How much do you think one Bitcoin is worth today? That is a question of much discussion among Bitcoin traders and other enthusiasts across the globe. Its extremely high volatility implies that Bitcoin's price can skyrocket within a few hours. This is a quality that professional traders really appreciate.
Since its inception, Bitcoin has had its price increase radically. Indeed, its first exchange rate was 1 dollar for 1,309.03 BTC - or 0.00077 USD for 1 BTC. Within 8 years, Bitcoin would cross the $10,000 barrier, which is an absurd rate of return. By 2018, its price increased to over $20,000 and as of the time of writing, one Bitcoin is valued at about $35,000.
What are the factors that determine the price of Bitcoin?
There are several factors that influence the market price of Bitcoin. Some of these are explained below:
Supply and Demand
The law of demand says that as the price of a commodity increases, the price drops. On the other hand, the law of supply affirms that the higher the price, the more eager a supplier will be to provide an economic good. Together, these laws determine the market value of all commodities - including Bitcoin.

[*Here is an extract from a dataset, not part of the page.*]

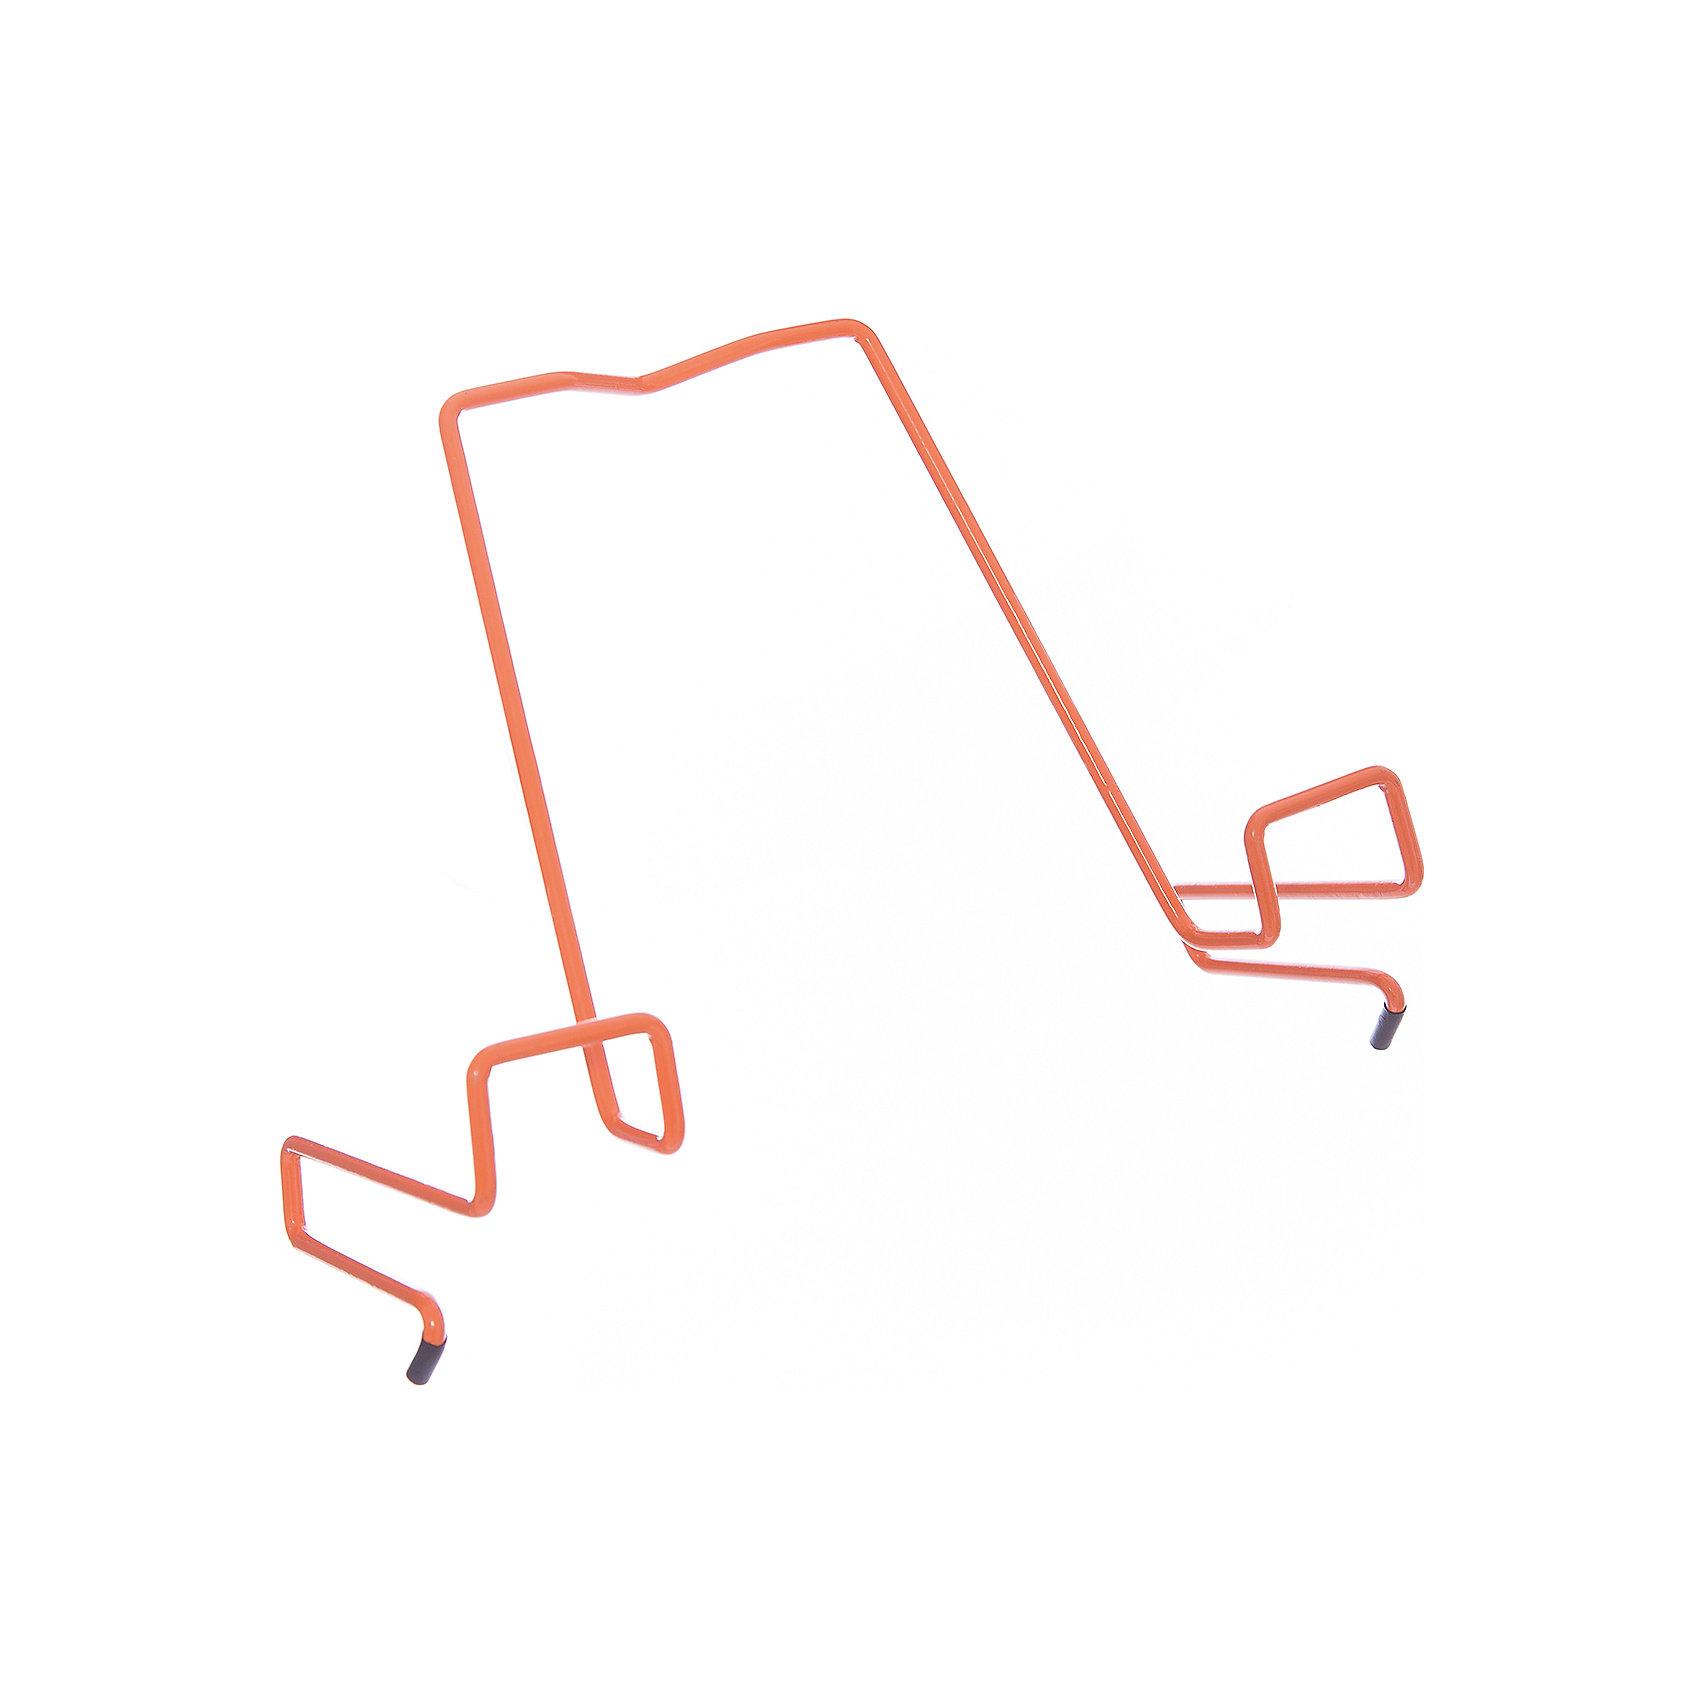 Подставка для книг металлическая ПДК.02, Дэми, оранжевыйМебель<br>Подставка для книг металлическая ПДК.02, Дэми, оранжевый – необходимая вещь для каждого ребенка.<br>Данная модель представляет собой привычную металлическую подставку, знакомую всем с детства. Однако ее отличие в том, что подставка надежно крепится к столу Дэми. Это позволяет ребенку не волноваться о том, что она может упасть. У подставки удобный угол наклона, но при желании ее можно отрегулировать. <br><br>Дополнительная информация: <br><br>Размер: 330x202x55 мм<br>Вес: 100 гр<br>Материал: металл<br>Цвет: оранжевый<br><br>Подставку для книг металлическую ПДК.02, Дэми, оранжевую можно купить в нашем интернет магазине.<br><br>Ширина мм: 500<br>Глубина мм: 390<br>Высота мм: 30<br>Вес г: 100<br>Возраст от месяцев: 48<br>Возраст до месяцев: 1188<br>Пол: Унисекс<br>Возраст: Детский<br>SKU: 4919239
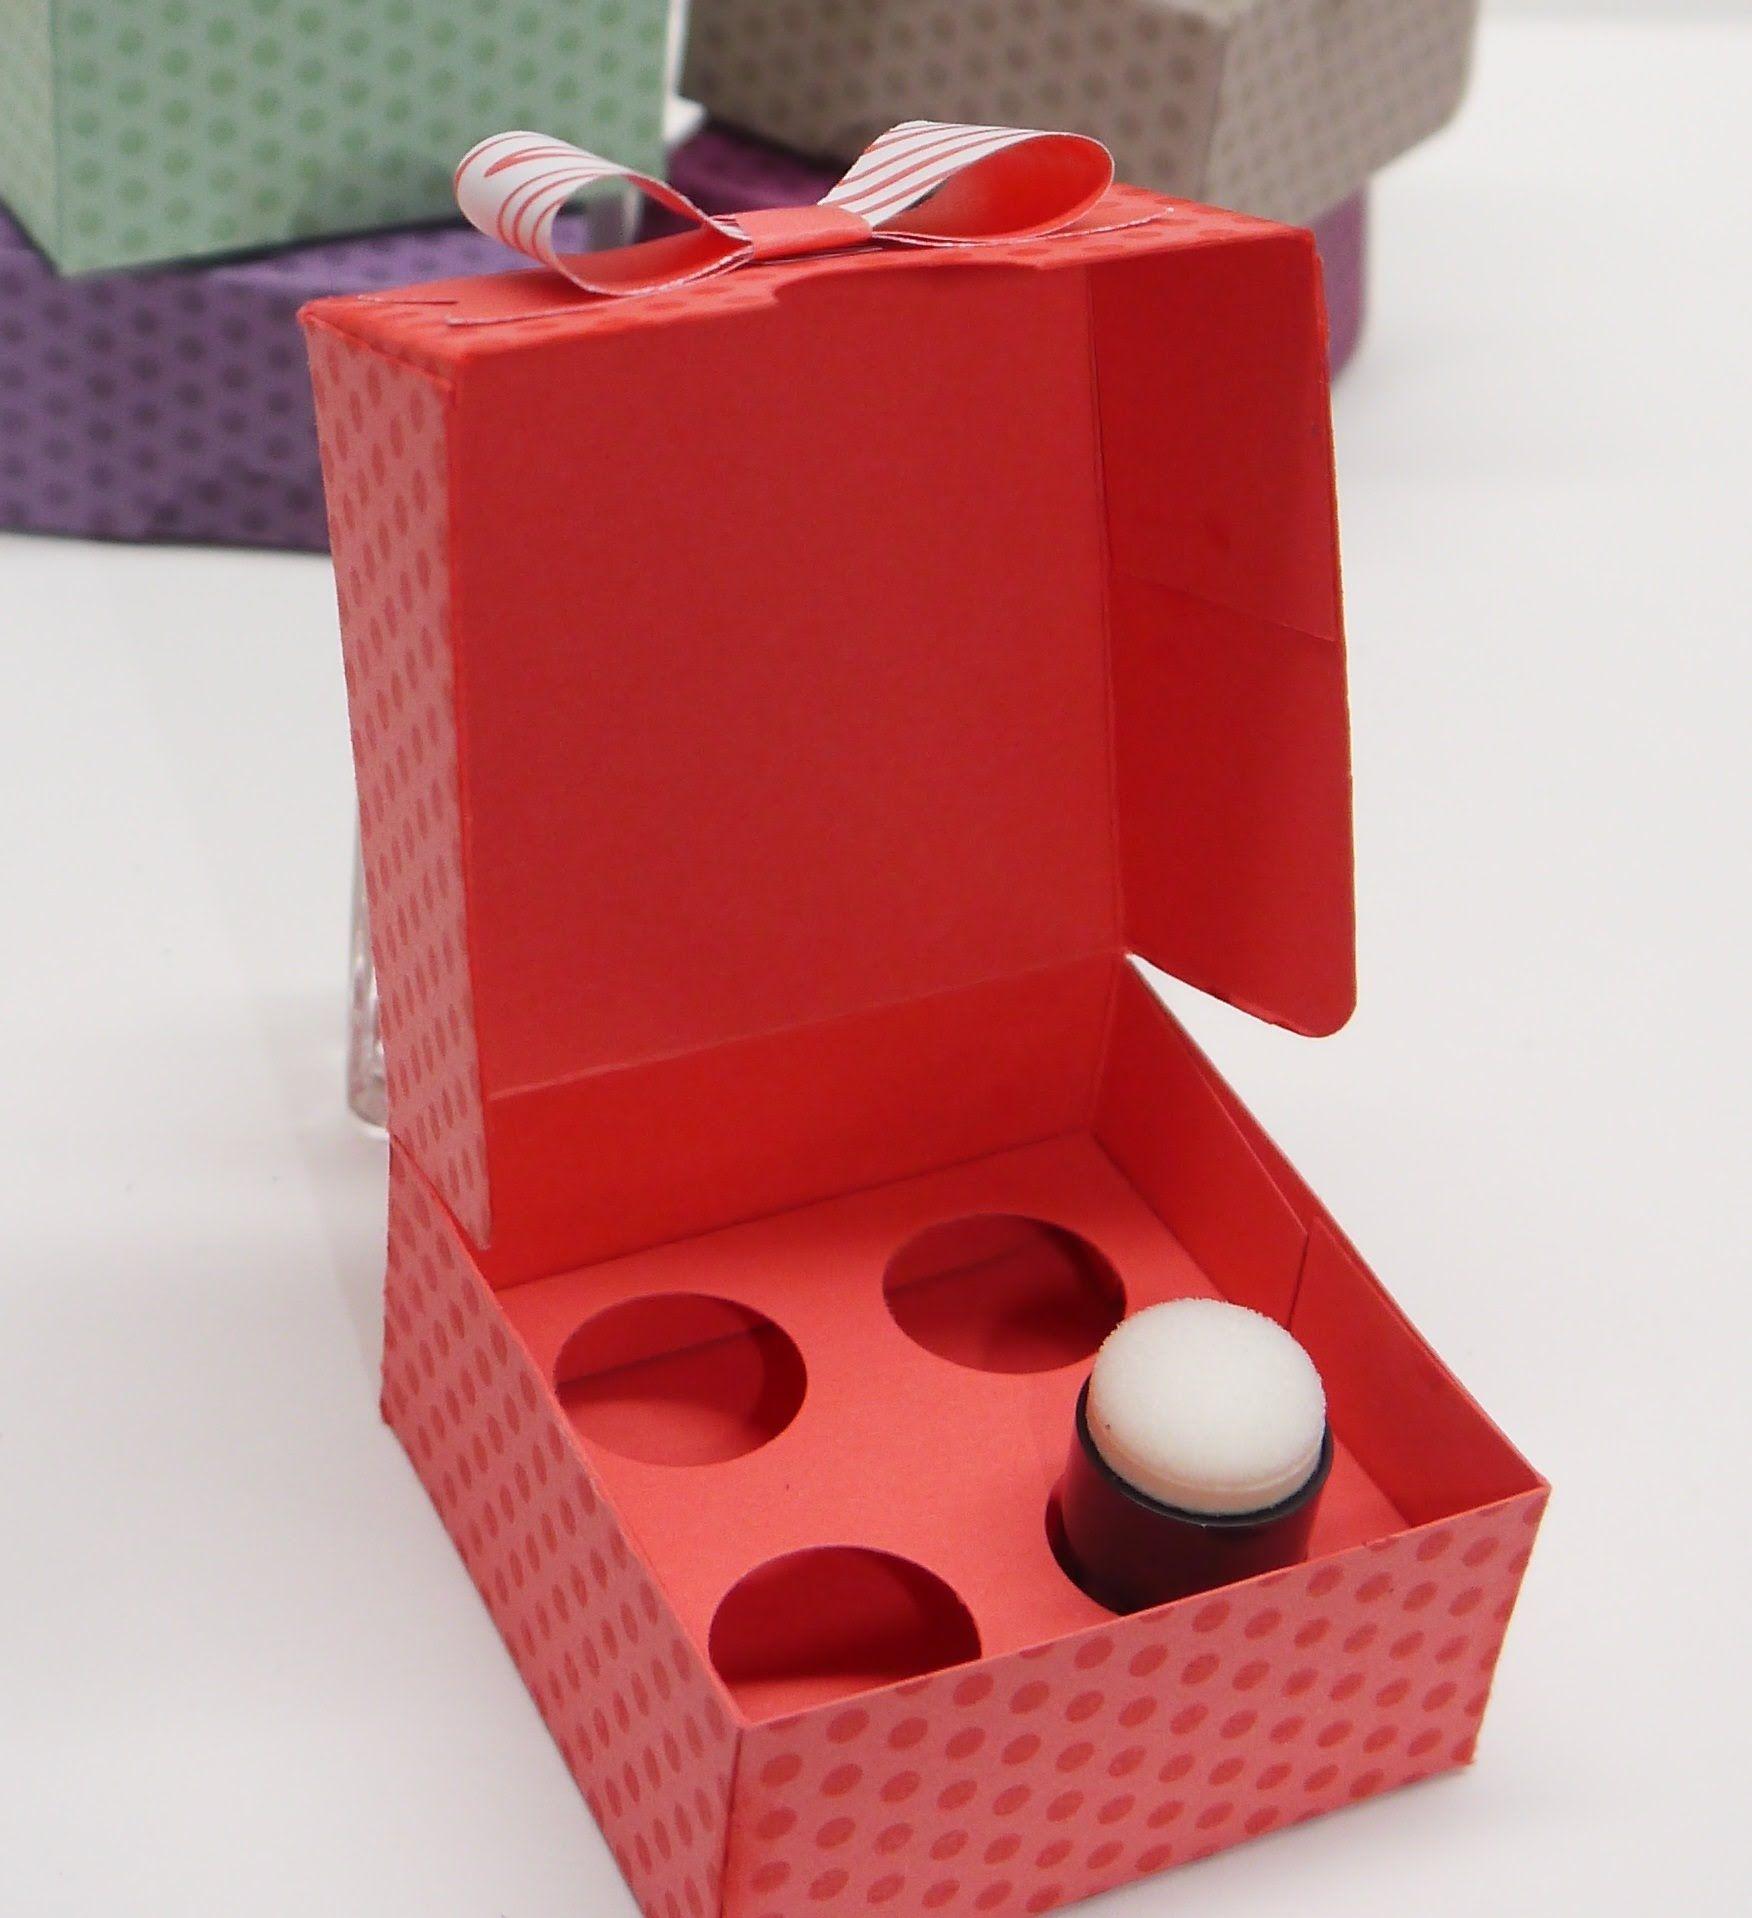 Aufbewahrungsbox f r fingerschw mmchen dauber spong for Aufbewahrungsbox selber machen

It is important to consider the rate at which a new Bitcoin is created. It is not a strange fact that new Bitcoins are created whenever miners process transactions. These Bitcoins are then introduced to the market. This process is designed to slow with time due to Bitcoin Halving. In this case, when the creation of Bitcoin cannot meet its demand, the price will increase.
How much it takes to produce Bitcoin
Despite the nature of Bitcoin as a digital asset, it must, nonetheless, be produced. The cost of producing or generating new Bitcoins is directly related to the whole mining process and its electrical consumption.
Bitcoin mining, to simply put, involves a situation where miners are tasked to solve complex mathematical problems and are rewarded with new Bitcoins - as a form of incentive. This process, oftentimes, consumes so much electricity to provide solutions to these mathematical problems. The cost involved in producing these Bitcoins determines their value.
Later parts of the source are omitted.